A recovered database may also need the same customer-created dependencies of the disaster database - make sure the following and other services exist in the recovered region:

IBM® Key Protect for IBM Cloud®
Hyper Protect Crypto Services

Remember that deleting a database also deletes its associated backups. However, deleted databases may be recoverable within a limited timeframe. Refer to the FAQ backups documentation for specific details on database recovery procedures.

It is not possible to copy backups off the IBM Cloud, so consider using the database-specific tools for additional backups. It may be required to recover from malicious database deletion followed by a reclamation-delete of a database. Careful management of IAM access to databases can help reduce exposure to this problem.
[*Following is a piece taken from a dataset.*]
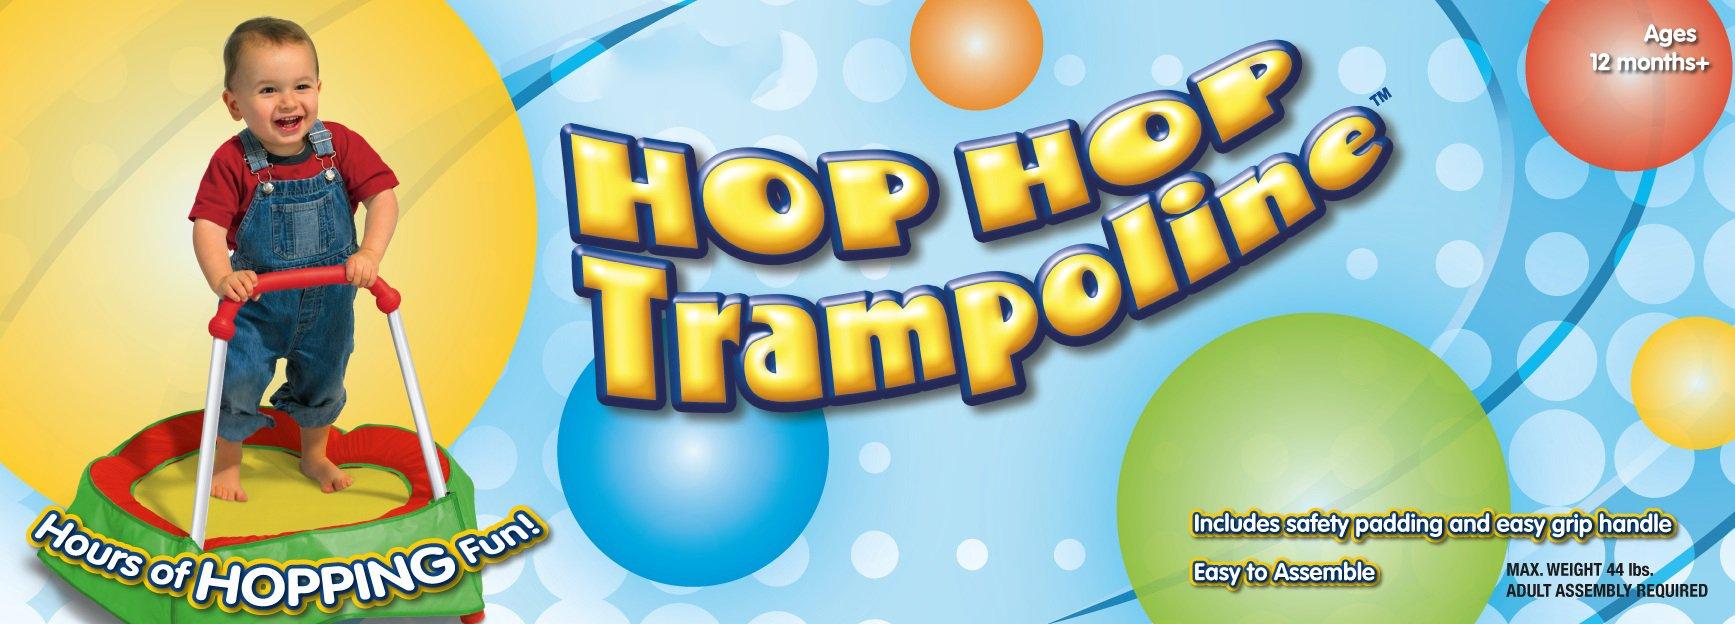 Diggin HopHop Trampoline

The following checklist associated with each feature can help you to create and practice your plan.

Backup restore
- Verify that backups are available at the desired frequency to meet RPO requirements. Managing Cloud Databases backups documents backup frequency. Consider a script using IBM Cloud® Code Engine - Working with the Periodic timer (cron) event producer to create additional on-demand backups to improve RPO if the criticality and size of the database allow.
- There are some restrictions on database restore regions - verify that your restore goals can be achieved by reading managing Cloud Databases backups.
- Verify that the retention period of the backups meet your requirements.
- Schedule test restores regularly to verify that the actual restored times meet the defined RTO. Remember that database size significantly impacts restore time. Consider strategies to minimize restore times, such as breaking down large databases into smaller, more manageable units and purging unused data.
- Verify the Key Protect service.
Point-in-time restore
- Verify the procedures covered earlier.
- Verify desired backup is in the window.

For more information on responsibility ownership between the customer and IBM Cloud for using Databases for MongoDB, see Shared responsibilities for Cloud Databases.

Stay informed: IBM notifications

Updates affecting customer workloads are communicated through IBM Cloud notifications. To stay informed about planned maintenance, announcements, and release notes related to this service, refer to Monitoring notifications and status. In addition, regularly review the Version policy for the latest updates on End-of-Life versions and dates.